It will take months to fulfil backlogged LTO-8 tape media orders so customers could wait until some time next year to get their cartridges. The succeeding LTO-9 format, with doubled LTO-8 capacity at 24TB raw, is due to arrive in 2020.
Frustrated customers may decide to jump the LTO-8 generation and go straight to LTO-9.
LTO-7 media formatted as type M in LTO-8 drives, will not be readable by LTO-9 drives, adding to the complexity.
Blocks & Files has asked Fujifilm, Sony, and the LTO-8 consortium for comment.
Take a quick dip into our weekly collection of enterprise storage news briefs
Toshiba on the Rocks
Toshiba Memory America has worked on the open source RocksDB to produce its TRocksDB that uses key values more efficiently with SSDs to enable improvements in storage and DRAM usage.
RocksDB takes a log-structured merge-tree (LSM tree) approach to storing data, and rewrites data at least one time for every level of the database, and in many cases, multiple times per level.
The total write amplification for RocksDB will often be greater than 21x, which leads to application-level performance delays and early SSD wear-out.
Toshiba MA has remedied this by storing values and keys in separately managed files. This enables more efficient database lookups, minimises write amplification, and optimises SSD utilisation.
TRocksDB runs on any Linux hardware supported by RocksDB and the server software will soon be available under the terms of Apache2 open-sourced licensing.
EXTEN speeds up NVMe over TCP
EXTEN Technologies has announced the availability of the third generation of its HyperDynamic storage software.

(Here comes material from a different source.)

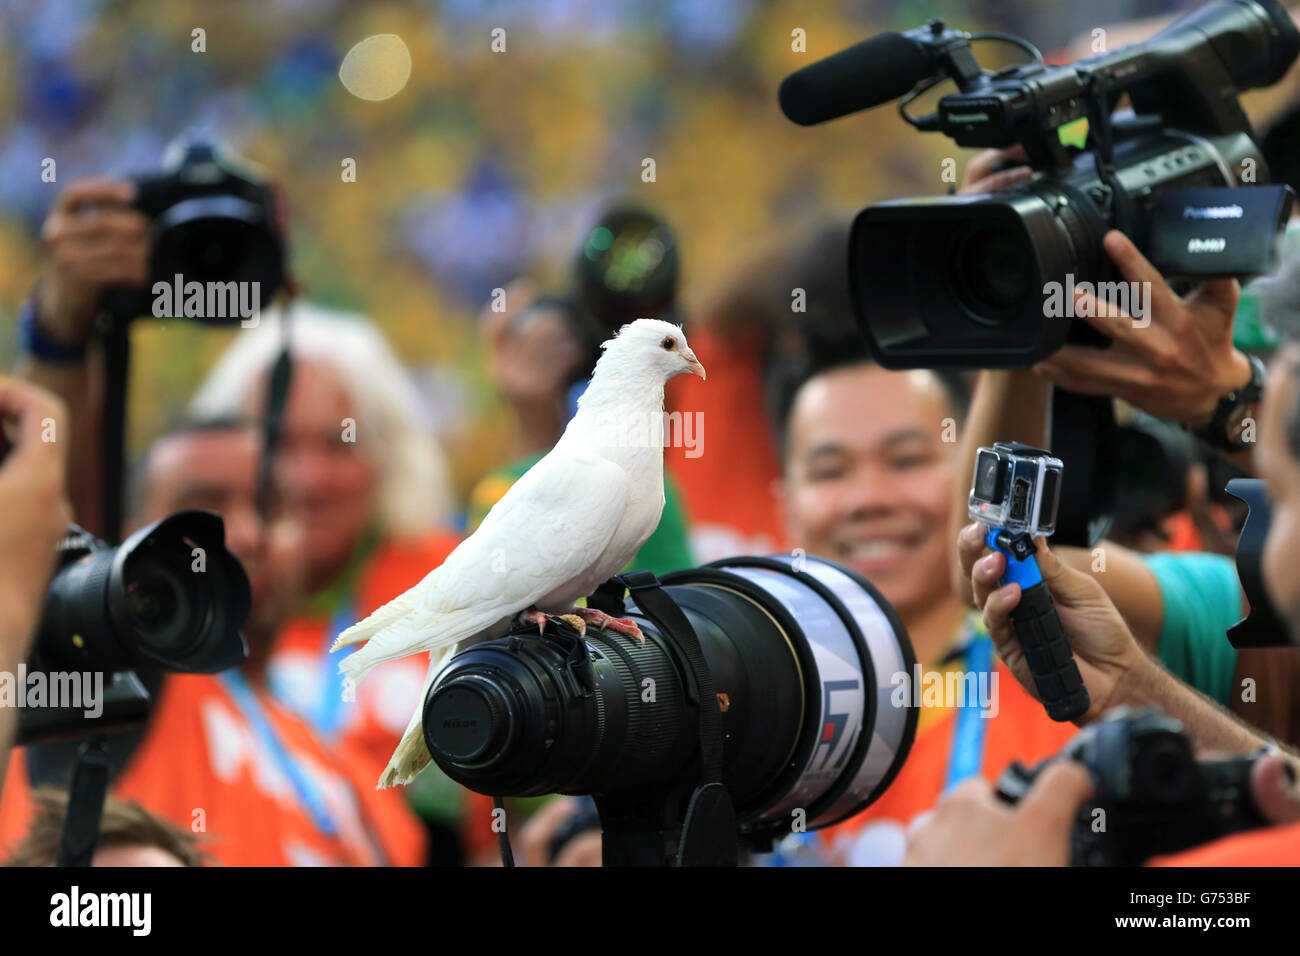 Una colomba bianca rilasciata prima del gioco si trova su un obiettivo della telecamera all'Arena Corinthians Foto Stock

It improves TCP performance with Solarflare TCP acceleration that provides TCP performance near RDMA.
V3 adds;
Node level resiliency with synchronous replicas
Shared volumes with replicas for supporting parallel file systems
Dual parity (RAID 6) resiliency
Integrated drive management and hot swap
There is declustered RAID, which provides the ability to simply configure resilient volumes that use standard, Linux multi-path IO software to provide redundancy in networking and storage. Different RAID levels per volume allow flexible, optimised provisioning for separate use cases
The web user interface provides node and cluster level telemetry and the ability to set QoS limits to manage performance during drive or node rebuilds.
2019 Flash Memory Summit
The storage industry’s pre-eminent solid state storage show kicks off in Santa Clara this week and there will be a plethora of announcements and exhibitors. Among them;
Burleywood will talk about its SSD TrueInsight SSD workload profiling analysis software,
DCIG will provide an update on all-flash array developments,
Everspin will display its MRAM products,
Cadence Design Systems is providing DDR4 Design IP (DIP) and Verification IP (VIP) support for Everspin’s 1 Gbit STT-MRAM memory,
Lightbits Labs execs will discuss the state of NVMe/TCP,
Phison Electronics showcases its lineup of PCIe Gen4 SSD controllers,
Dr. Rado Danilak, CEO of Tachyum Inc., will speak about the need for new approaches, and capabilities of data centrer architectures, interconnects, storage and memory types to help artiificial intelligence,
Virtium’s Scott Lawrence, director of business and technology development, will discuss embedded-system designers’ data-security demands and industrial SSDs.
Short items
An Active Archive Alliance report: “Active Archive and the State of the Industry 2019,” highlights data growth challenges facing the storage industry and the expanding role of active archives in the data management lifecycle. Download it with minimal registration here.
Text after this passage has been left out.